The route continues through the Schwarzbach valley, along the water for a while and then uphill with a moderate incline. On the way, it is worth making a detour to the "Panoramaplattform Bahn" cultural trail station before taking another detour to the "Tunnelportal West".
In the middle of the 19th century, the construction of the 926-metre-long Schwarzkopf Tunnel presented the engineers and miners with great challenges. The tunnel was to be constructed with almost no inclines, and the geographically shortest mountain crossing point was chosen. Geologically, however, this location was unfavourable because numerous water veins ran through the rock. This caused considerable maintenance costs. In 1957, the line was electrified and the tunnel was extensively rebuilt. After the end of railway operations in 2017, the miners' hard work was reversed and the tunnel is now backfilled for safety reasons.

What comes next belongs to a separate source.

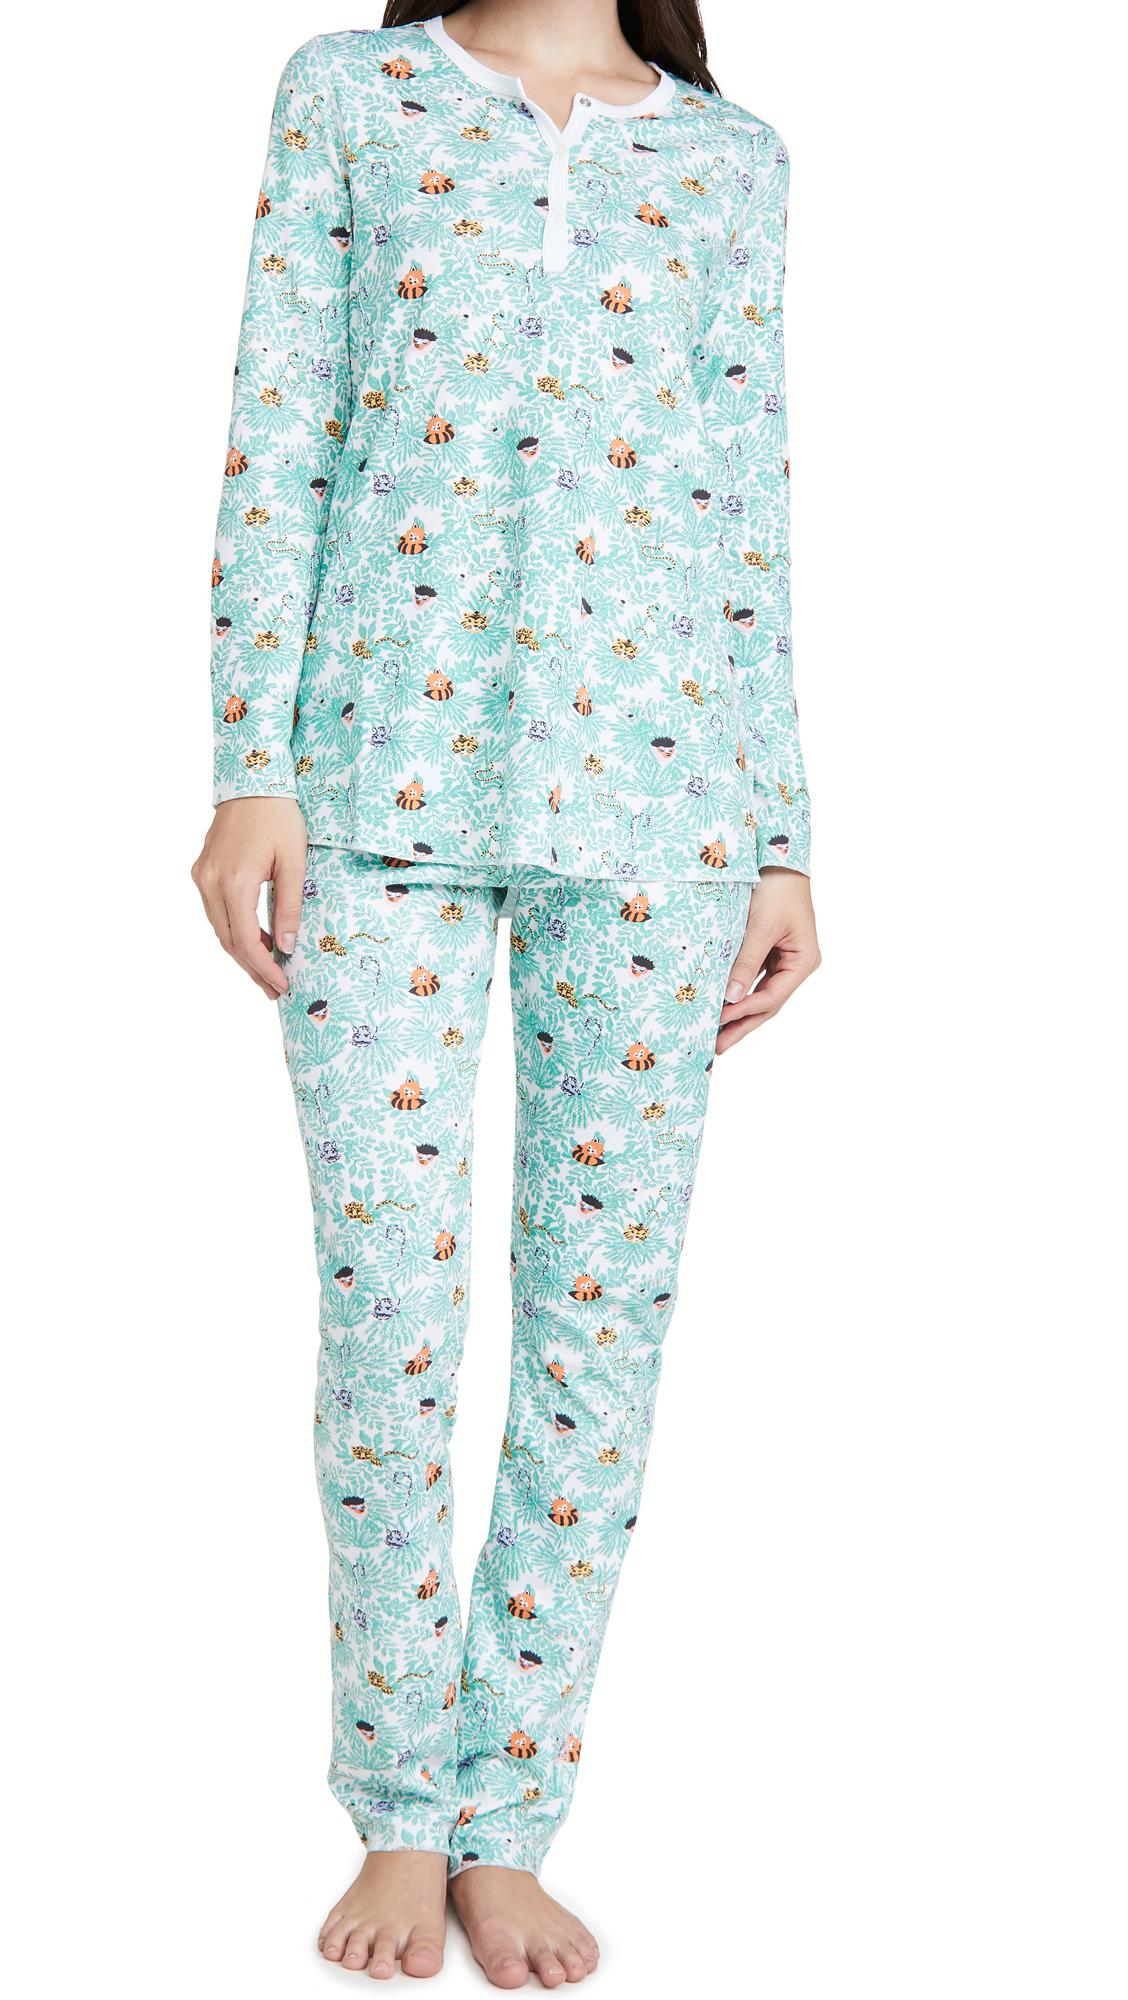 Roller Rabbit Heads & Tails Pajamas

You climb a little further uphill to the literal highlight of the tour. A wonderful viewpoint awaits you at the Pollaschdenkmaler.

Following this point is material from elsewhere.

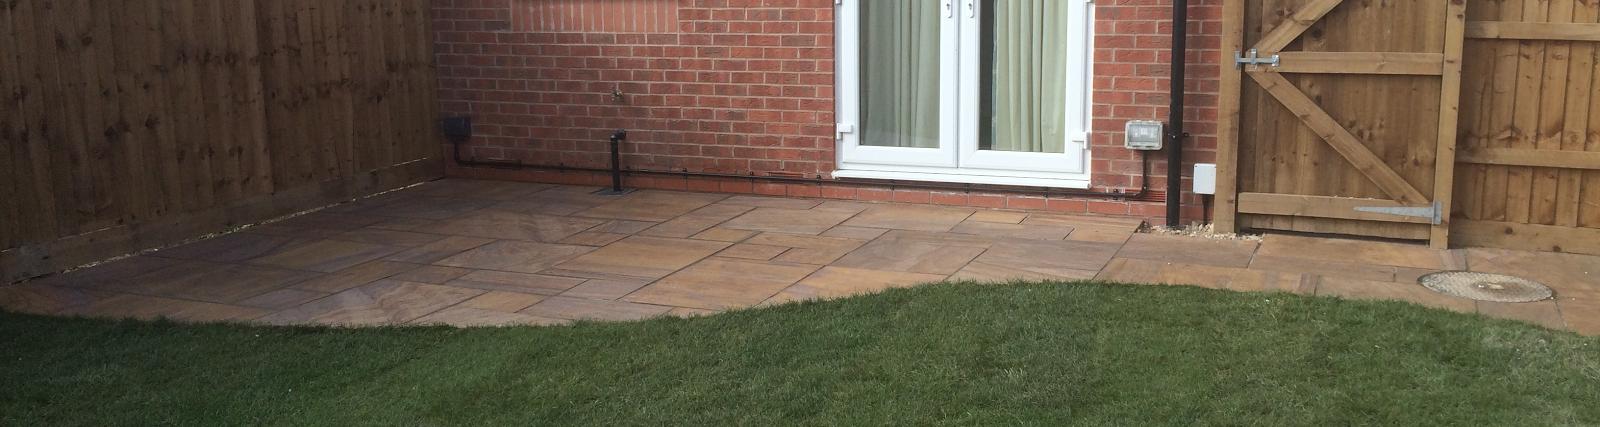 Fence Installer in Derby

The memorial at Pollasch is 400 metres above zero. On the road between the "Sieben Wege" junction and Heigenbrücken, it commemorates 140 Spessart friends who fell in the First World War and urges peace. The memorial dates from 1927 and is striking for its very modern design, which is simple and modern. The Spessartbund commemorates its dead there every year on the second Sunday in October.
The impressive view from the Pollasch reaches far into the Laufach and Aschaff valleys, over Aschaffenburg to the Odenwald. In 1934, a hut was built here in memory of the head forester Christian Wodianka, which still offers hikers shelter today.
From Pollasch, the descent is sometimes quite steep through dense Spessart forest - at first parallel to the road and then on a comfortable forest path. It's just as well that there is an opportunity to cool off at the entrance to Heigenbrücken. In 1929, a spring swimming pool was opened at the bottom of the valley, which was a much-visited attraction for decades. In 2009, the natural swimming pool was reopened after extensive modernisation work. You can cool off from the inside, enjoy fresh local cuisine or culinary delights right next door at the Landgasthof Hochspessart (tel. 06020 - 9720) or the Villa Marburg (tel. 06020 979990).
While at the starting point of today's tour iron ore was decisive for the development, in the destination and today's climatic health resort Heigenbrücken glass production used to be the main focus. Here there was sufficient red quartz sand and wood as energy suppliers for the glass melting process.
Take a look at the old Heigenbrücken railway station from 1890 with the second tunnel portal before finally heading to the new stopping point on the railway line.